INPUT DATA:

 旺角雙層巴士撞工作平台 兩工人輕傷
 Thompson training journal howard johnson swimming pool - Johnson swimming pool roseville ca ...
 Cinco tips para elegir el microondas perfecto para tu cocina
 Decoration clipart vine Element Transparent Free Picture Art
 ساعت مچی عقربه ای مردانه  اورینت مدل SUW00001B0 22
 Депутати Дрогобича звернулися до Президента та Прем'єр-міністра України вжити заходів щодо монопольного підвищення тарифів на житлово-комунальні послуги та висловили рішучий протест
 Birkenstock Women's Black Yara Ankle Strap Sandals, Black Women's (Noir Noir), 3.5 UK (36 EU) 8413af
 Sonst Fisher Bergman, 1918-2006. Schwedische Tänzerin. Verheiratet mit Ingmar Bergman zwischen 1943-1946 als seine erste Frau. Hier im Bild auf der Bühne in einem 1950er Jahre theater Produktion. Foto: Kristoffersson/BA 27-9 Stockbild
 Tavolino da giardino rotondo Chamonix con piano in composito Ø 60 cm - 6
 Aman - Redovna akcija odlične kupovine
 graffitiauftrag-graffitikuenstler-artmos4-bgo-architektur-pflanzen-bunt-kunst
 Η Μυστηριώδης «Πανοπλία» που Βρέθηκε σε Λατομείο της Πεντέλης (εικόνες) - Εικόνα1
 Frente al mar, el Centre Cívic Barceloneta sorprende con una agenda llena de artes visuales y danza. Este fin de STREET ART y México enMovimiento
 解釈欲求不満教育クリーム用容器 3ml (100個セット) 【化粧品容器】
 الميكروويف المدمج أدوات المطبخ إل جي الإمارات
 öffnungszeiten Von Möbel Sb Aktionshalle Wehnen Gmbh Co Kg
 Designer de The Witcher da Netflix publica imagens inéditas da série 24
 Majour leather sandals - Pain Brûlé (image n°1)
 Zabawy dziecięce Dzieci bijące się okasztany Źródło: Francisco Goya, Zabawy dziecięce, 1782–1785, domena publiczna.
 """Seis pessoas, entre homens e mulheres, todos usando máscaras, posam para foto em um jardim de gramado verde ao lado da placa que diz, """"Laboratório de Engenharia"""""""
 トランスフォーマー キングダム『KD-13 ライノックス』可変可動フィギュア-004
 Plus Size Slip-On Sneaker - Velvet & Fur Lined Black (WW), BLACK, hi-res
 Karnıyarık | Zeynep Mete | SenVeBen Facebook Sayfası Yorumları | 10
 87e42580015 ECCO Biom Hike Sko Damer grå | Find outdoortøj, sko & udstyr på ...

TASK PROMPT:
Send back, unchanged, every line of the records from the one with "Majour leather sandals" through the last.

TASK RESULT:
 Majour leather sandals - Pain Brûlé (image n°1)
 Zabawy dziecięce Dzieci bijące się okasztany Źródło: Francisco Goya, Zabawy dziecięce, 1782–1785, domena publiczna.
 """Seis pessoas, entre homens e mulheres, todos usando máscaras, posam para foto em um jardim de gramado verde ao lado da placa que diz, """"Laboratório de Engenharia"""""""
 トランスフォーマー キングダム『KD-13 ライノックス』可変可動フィギュア-004
 Plus Size Slip-On Sneaker - Velvet & Fur Lined Black (WW), BLACK, hi-res
 Karnıyarık | Zeynep Mete | SenVeBen Facebook Sayfası Yorumları | 10
 87e42580015 ECCO Biom Hike Sko Damer grå | Find outdoortøj, sko & udstyr på ...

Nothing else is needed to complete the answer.